TASK TO COMPLETE:
Your answer should hold exactly the lines beginning with the one that contains "BUSNEL - MACEY" and ending with the last line of the material, both included. Leave every picture out.

THE DATA:

+ + + + +

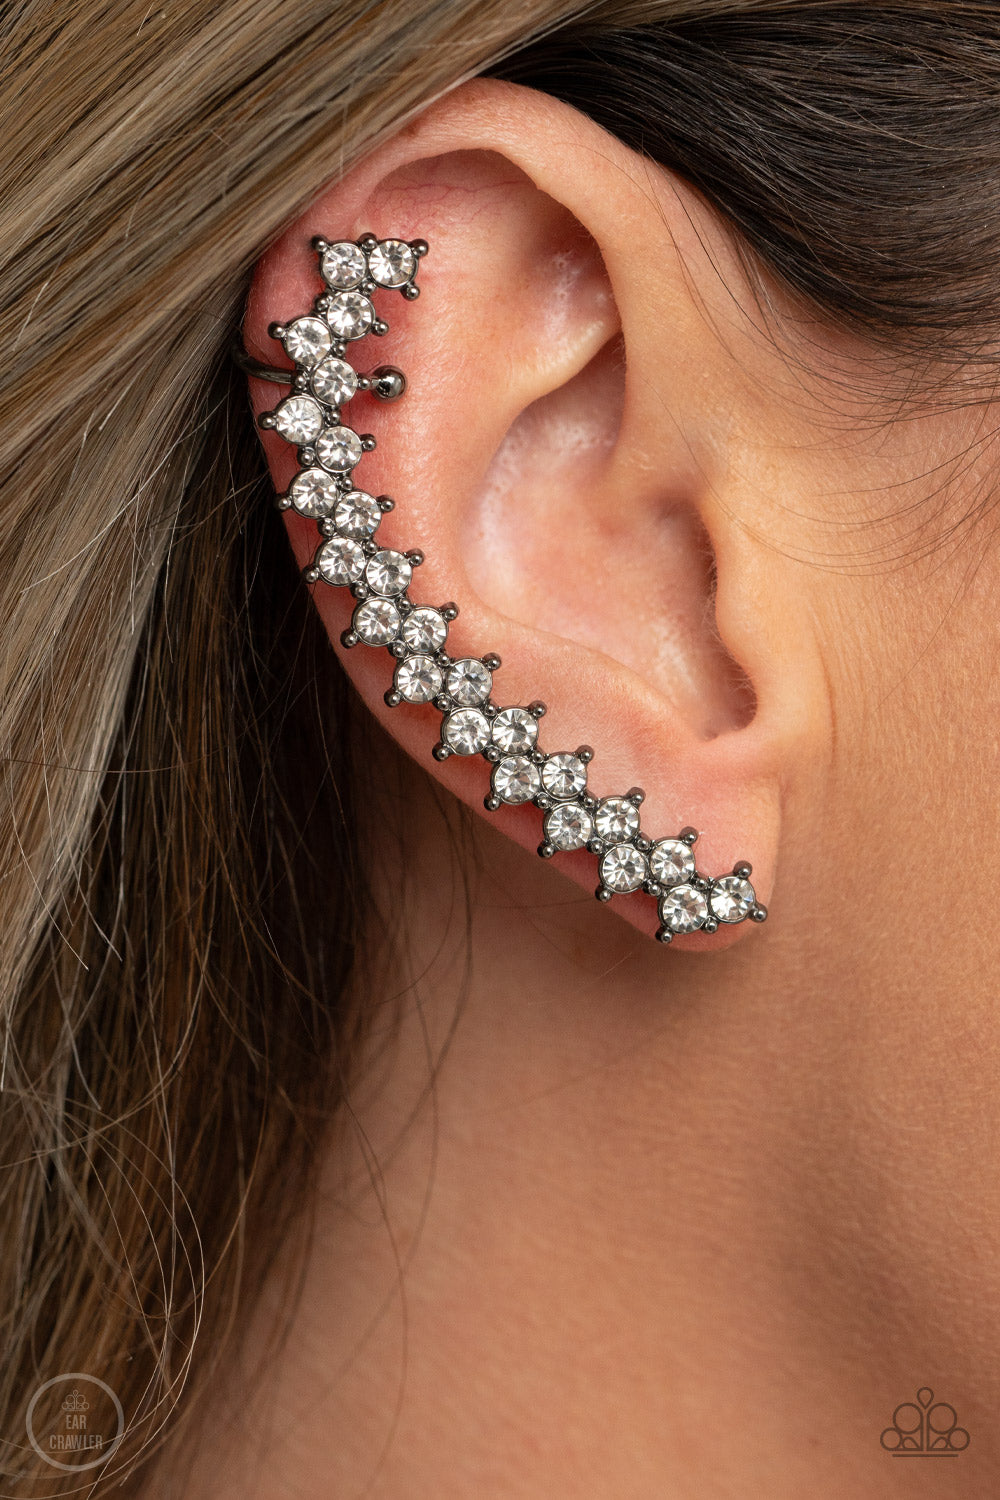 Let There Be LIGHTNING - Black Rhinestone Ear Crawlers encased in studded gunmetal fittings, pairs of glassy white rhinestones stack into a zigzagging frame up the ear for an electrifying fashion. Features a dainty cuff attached to the top for a secure fit.  Sold as one pair of ear crawlers.  Paparazzi Jewelry is lead and nickel free so it's perfect for sensitive skin too!
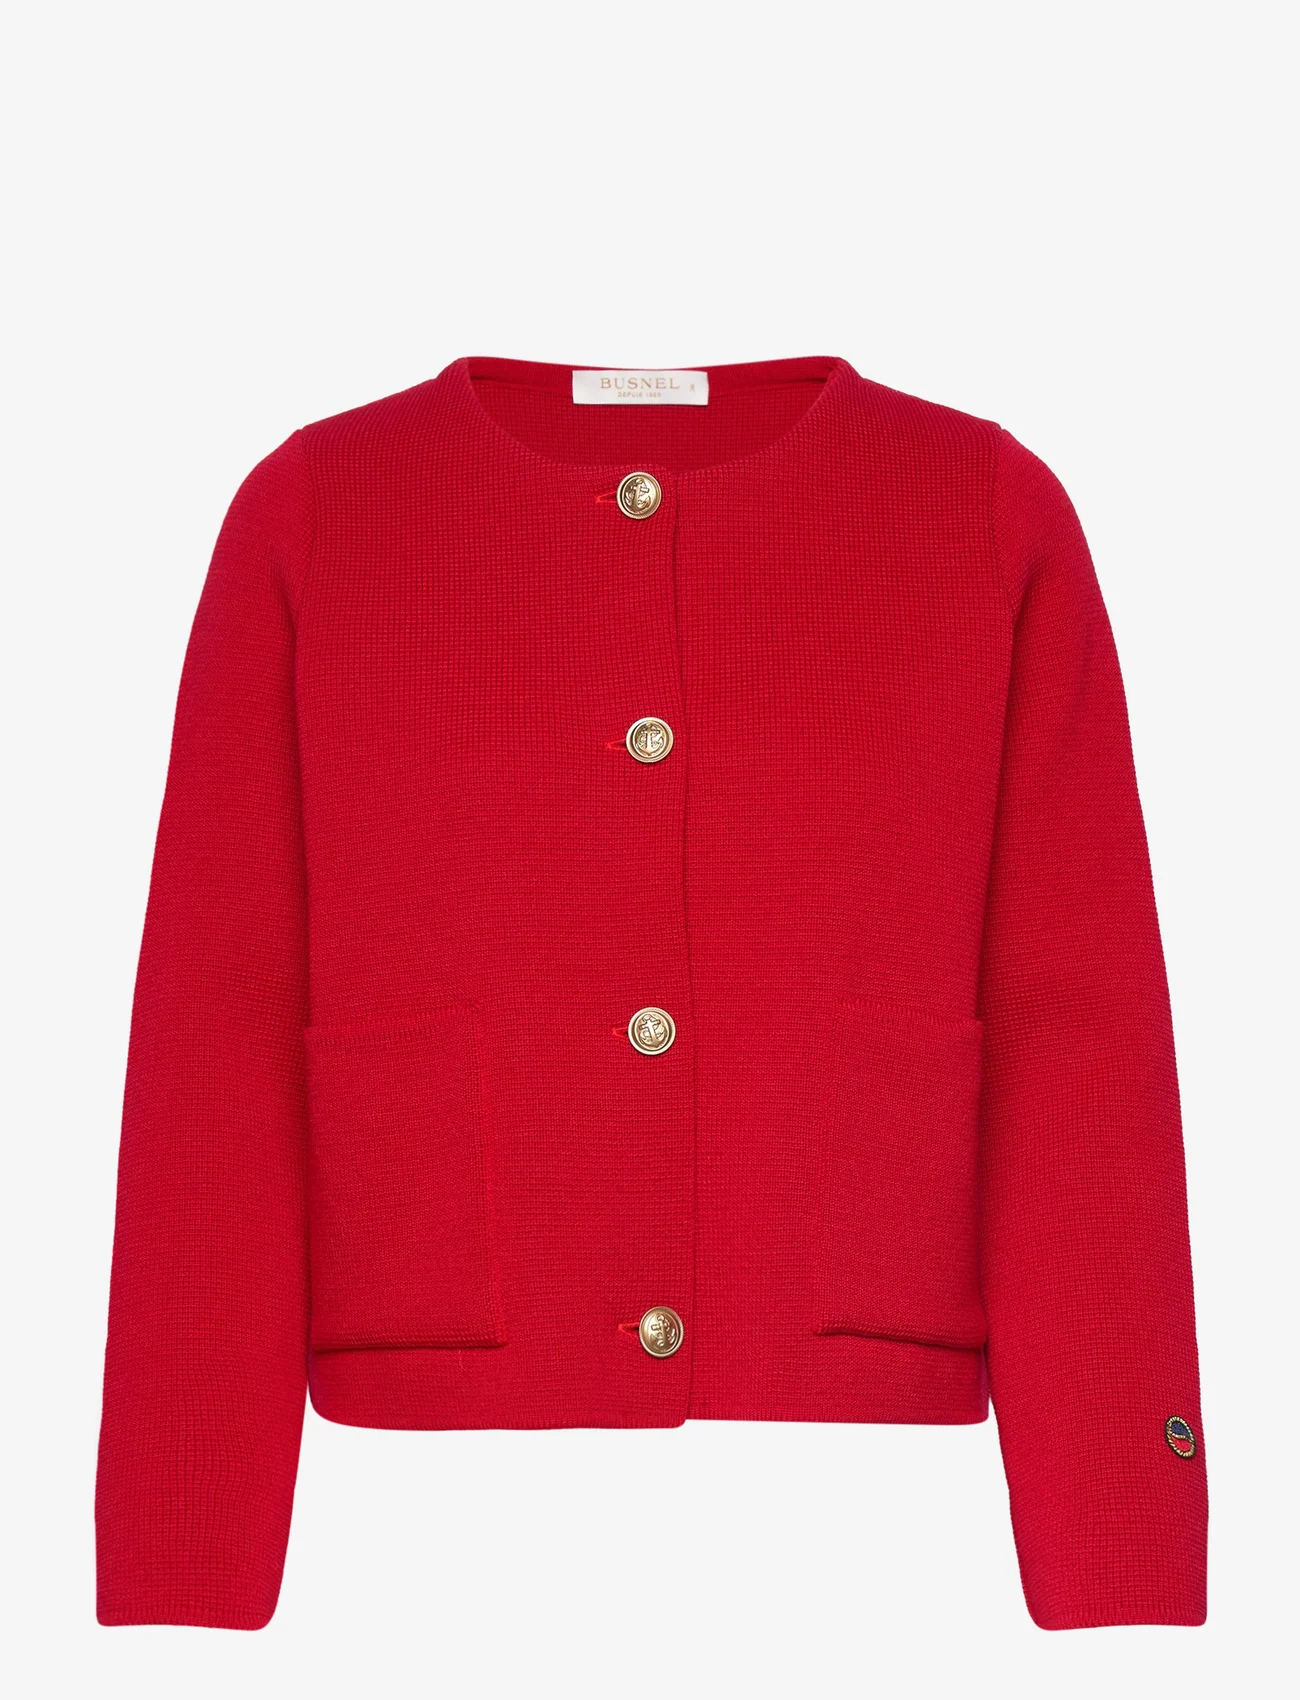 BUSNEL - MACEY  jacket - cardigans - red - 0
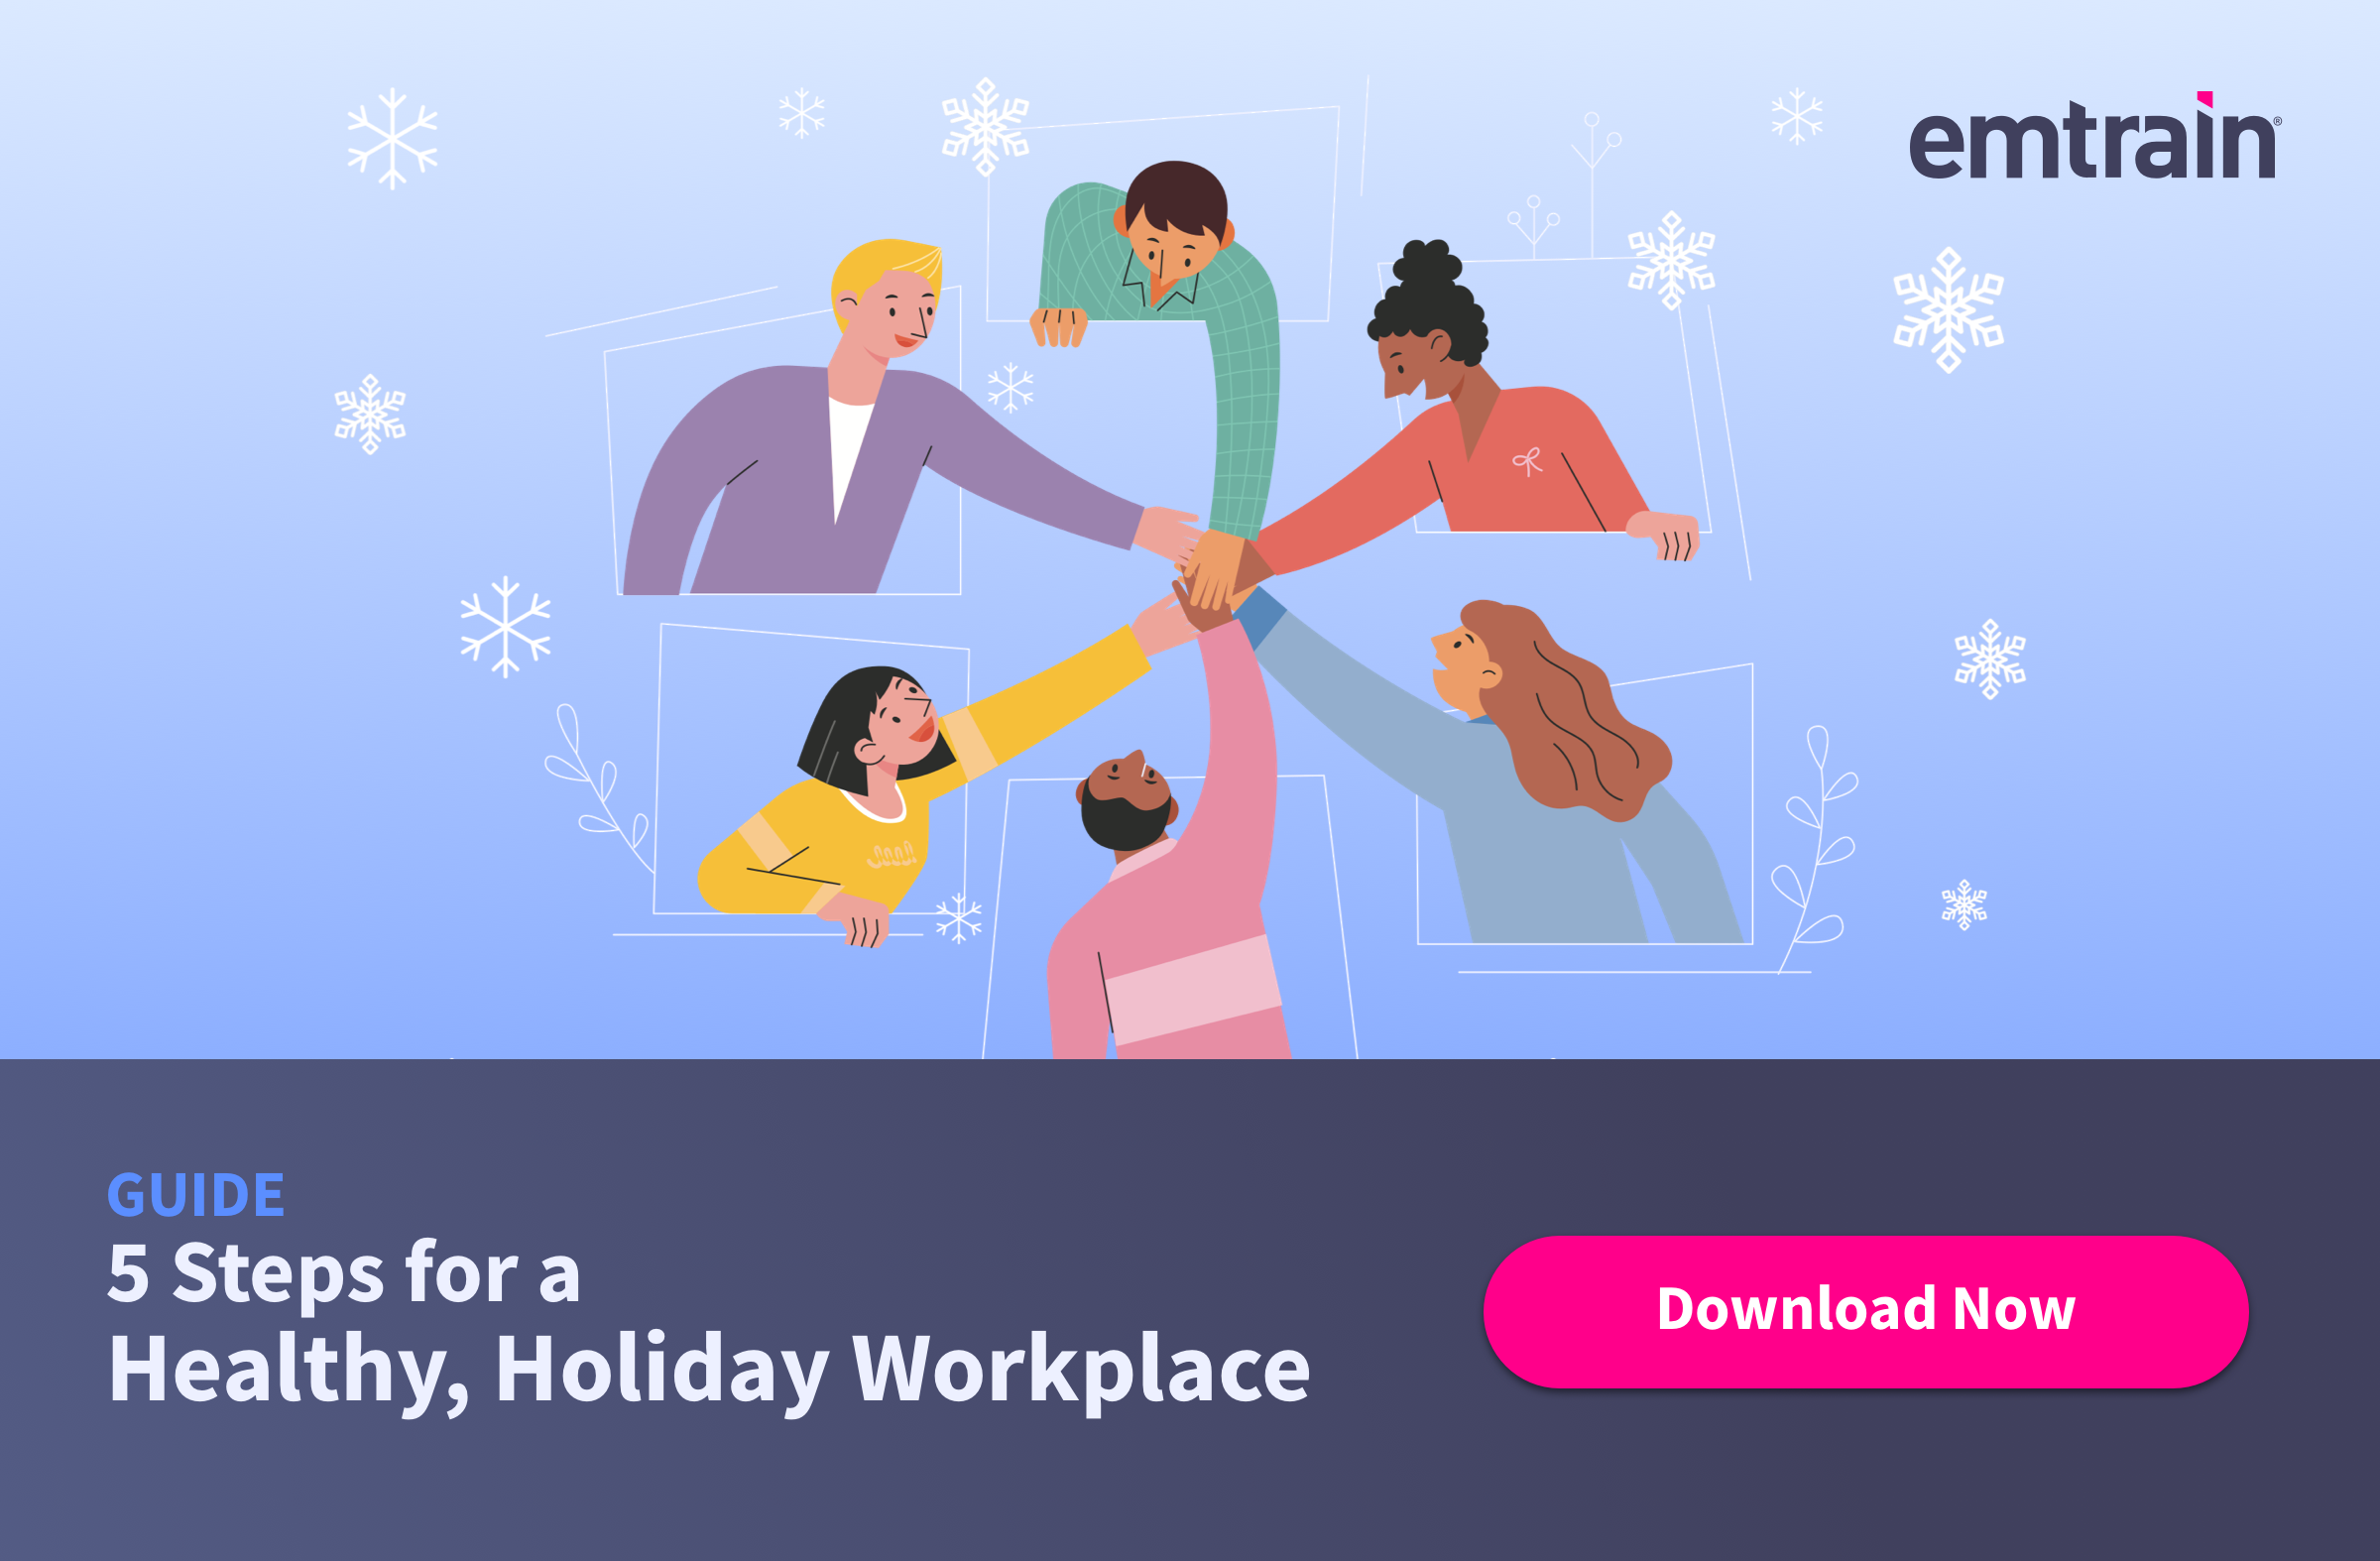 5 Steps for a Healthy, Holiday Workplace

+ + + + +

OUTPUT FOR THIS EXERCISE:
 BUSNEL - MACEY  jacket - cardigans - red - 0
 5 Steps for a Healthy, Holiday Workplace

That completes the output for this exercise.